SEITE 8/9 Für schwere Menschenrechtsverbrechen wie Zwangsprostitution und Menschenhandel fordert Amnesty die Kriminalisierung. Sie müssen strafrechtlich verfolgt und bestraft und den Opfern geholfen werden. Opfer von Zwangsprostitution und Menschenhandel sind aus der Perspektive von Amnesty keine Sexarbeiter_innen. In Gesprächen mit Sexarbeiter_innen haben sich die meisten für eine Entkriminalisierung von Sexarbeit ausgesprochen, jedoch Bedenken gegenüber einer Legalisierung geäußert. Diese haben ihren Ursprung nicht nur in dem bestehenden Misstrauen gegenüber Strafverfolgungsbehörden, sondern auch in der Befürchtung, dass das falsche Modell einer Legalisierung sie noch weiter entmachten oder sogar Menschenrechtsverletzungen nach sich ziehen könnte. 2.5 Wie können die Rechte von Frauen durch die Entkriminalisierung von Sexarbeit geschützt werden, ohne dass man gleichzeitig genau die gesellschaftlichen Faktoren zementiert, die sie in die Sexarbeit zwingen? Die von Amnesty vorgeschlagene Position zielt darauf ab, Sexarbeiter_innen einen besseren Menschenrechtsschutz zu verschaffen. Dazu fordert Amnesty für sie verbesserte Schutzmaßnahmen und mehr Selbstbestimmung. Das gilt für alle Sexarbeiter_innen: Frauen, Männer und Trans*personen. Obwohl nur wenige verlässliche Daten vorliegen, herrscht generell Einstimmigkeit darüber, dass Cis-Frauen (Frauen, deren Geschlechtsidentität mit dem bei der Geburt zugewiesenen Geschlecht übereinstimmt) in den meisten Länder die Mehrheit der Sexarbeiter_innen stellen. Für den Einstieg von Frauen in die Sexarbeit gibt es zahlreiche soziale, politische und wirtschaftliche Faktoren. Die besonders gewichtigen sind Geschlechterungleichheit, Diskriminierung und wirtschaftliche Not. Amnesty ist sich dieses Zusammenhangs bewusst. Wir sind jedoch der Ansicht, dass die Lösung dieses Problems nicht darin bestehen kann, die Frauen dafür zu bestrafen, dass sie keine andere Wahl haben, oder Strafgesetze und Polizeimaßnahmen dazu einzusetzen, ihr Leben noch unsicherer zu machen. Die Kriminalisierung von Sexarbeiter_innen erschwert es Sexarbeiter_innen, einen anderen Beruf zu ergreifen.
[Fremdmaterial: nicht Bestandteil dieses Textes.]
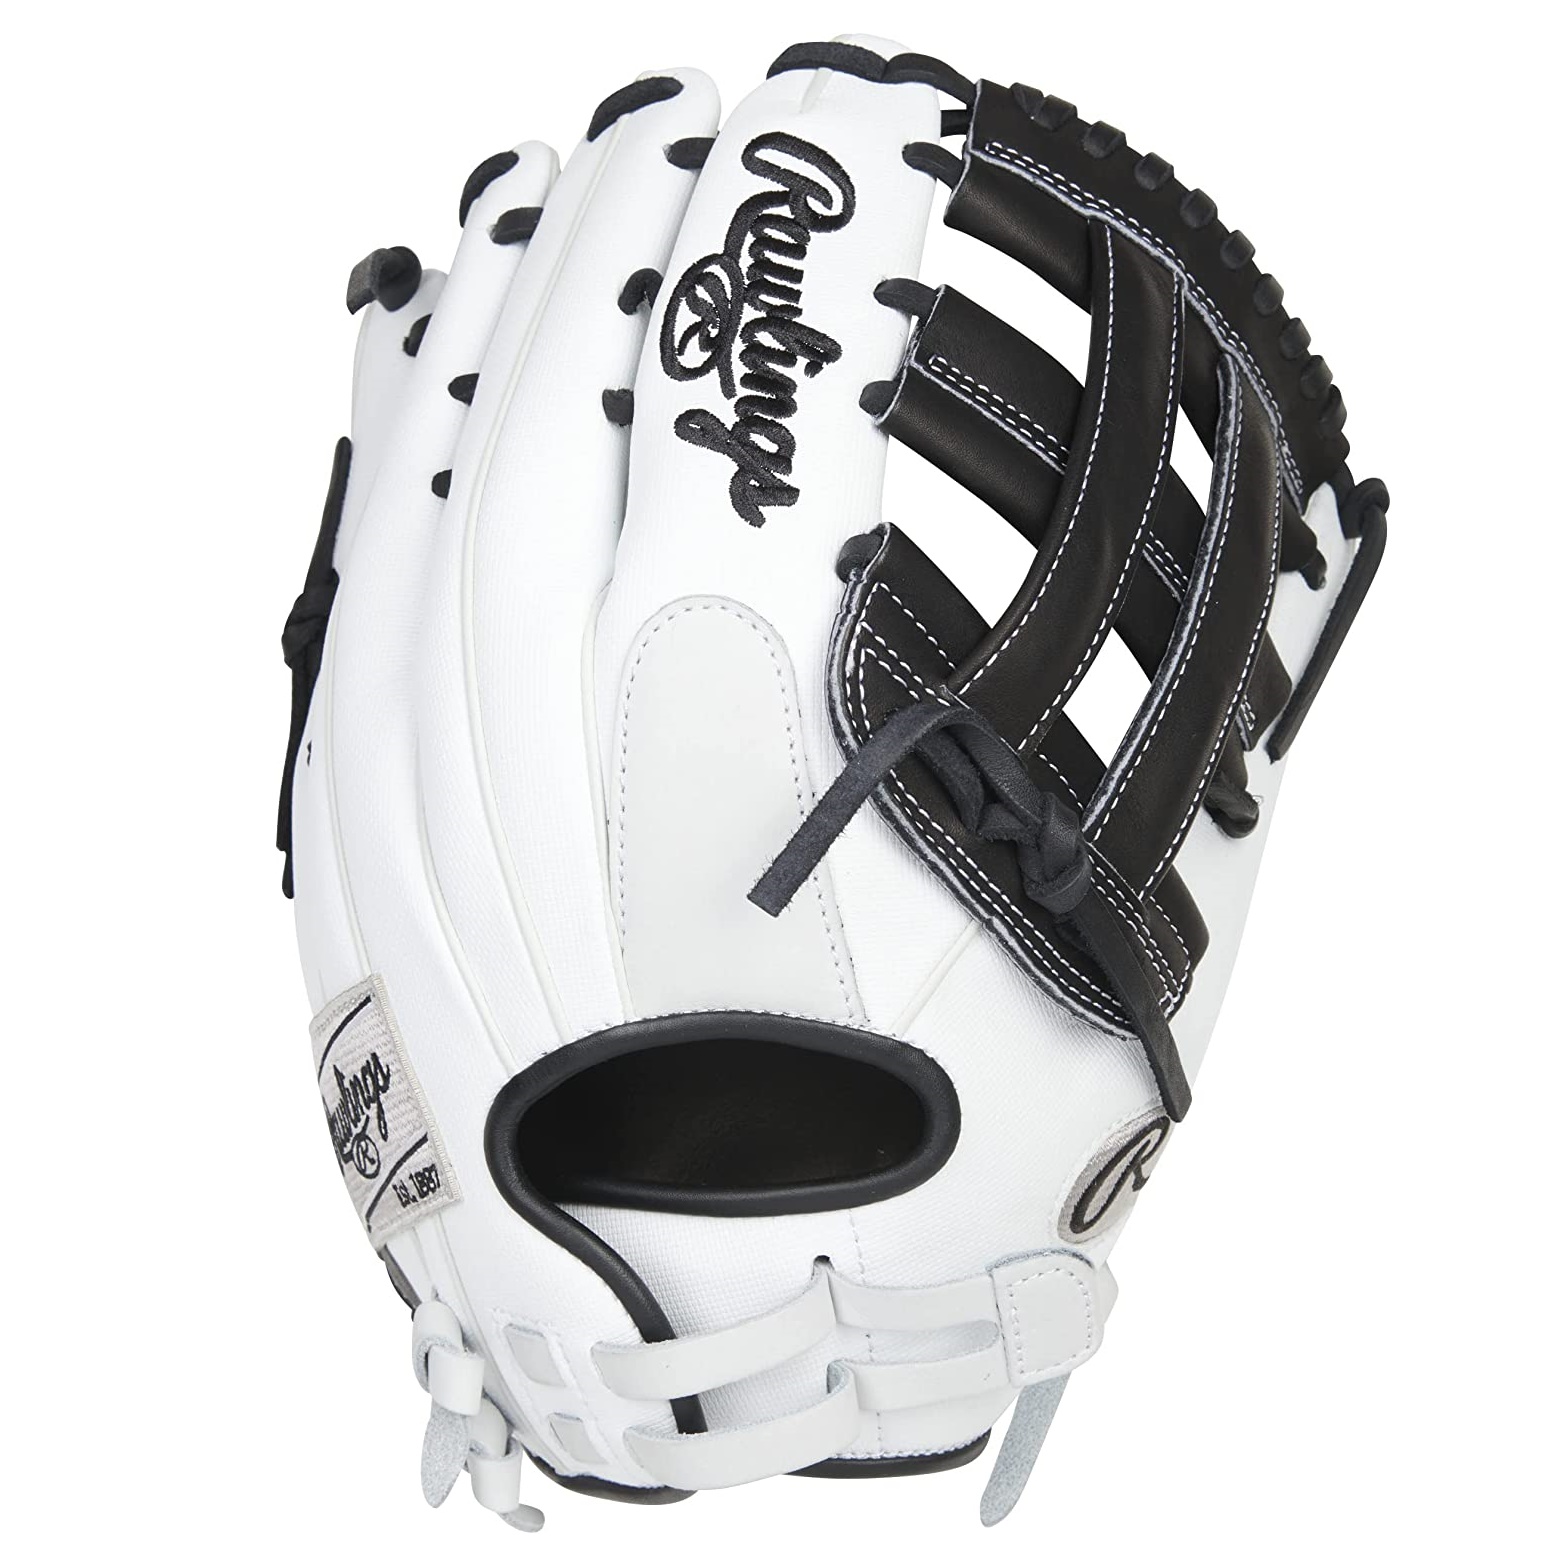 rawlings-heart-of-the-hide-softball-glove-12-75-white-black-right-hand-throw PRO1275SB-6BSS-RightHandThrow Rawlings  <p><span style=font-size large;>Unmatched performance comfort and durability come together with this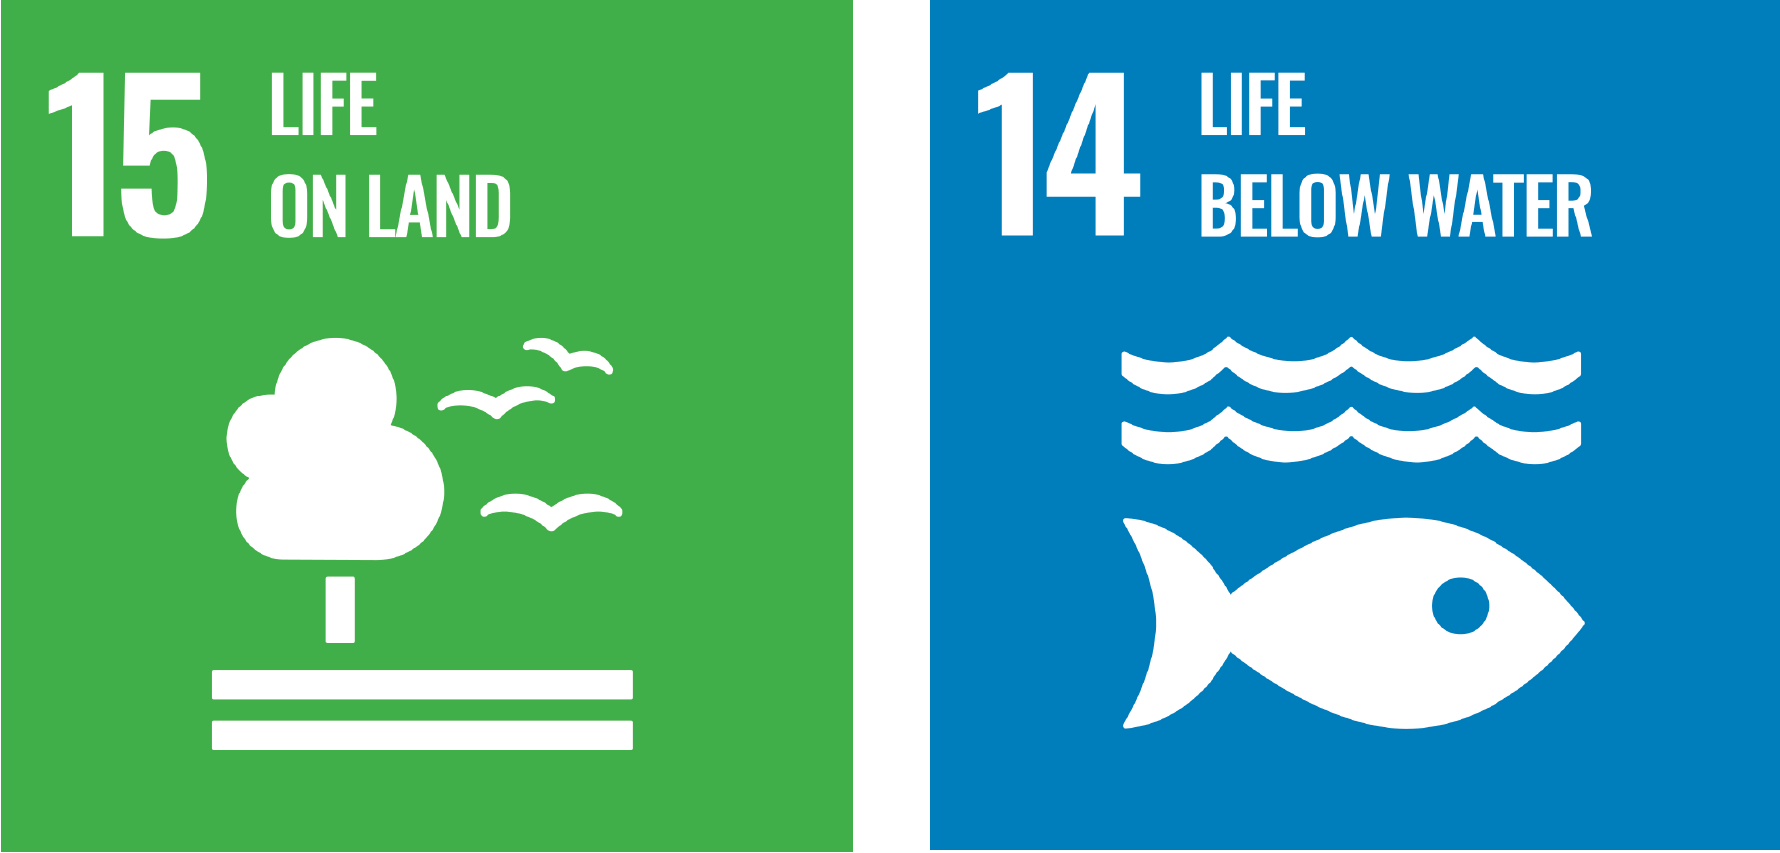 Sustainable Development Goals 14 and 15 icons for intego travel conservation travel guide

Die von uns vorgeschlagene Position beinhaltet eine Reihe

SEITE 9/9 von Maßnahmen, die zusätzlich zur Entkriminalisierung von staatlicher Seite ergriffen werden müssen. Dazu gehören Maßnahmen, die Frauen und andere schutzbedürftige Gruppen stärken, damit niemand auf Sexarbeit angewiesen ist, um den eigenen Lebensunterhalt sichern zu können. Zum Beispiel müssen Staaten einen angemessenen und zeitnahen Zugang zu Unterstützungsleistungen ermöglichen, zu denen auch Sozialhilfe, Aus- und Weiterbildungsmöglichkeiten und / oder alternative Beschäftigungen gehören. Dies bedeutet jedoch nicht, dass Sexarbeiter_innen gezwungen werden sollen, derartige Angebote in Anspruch zu nehmen.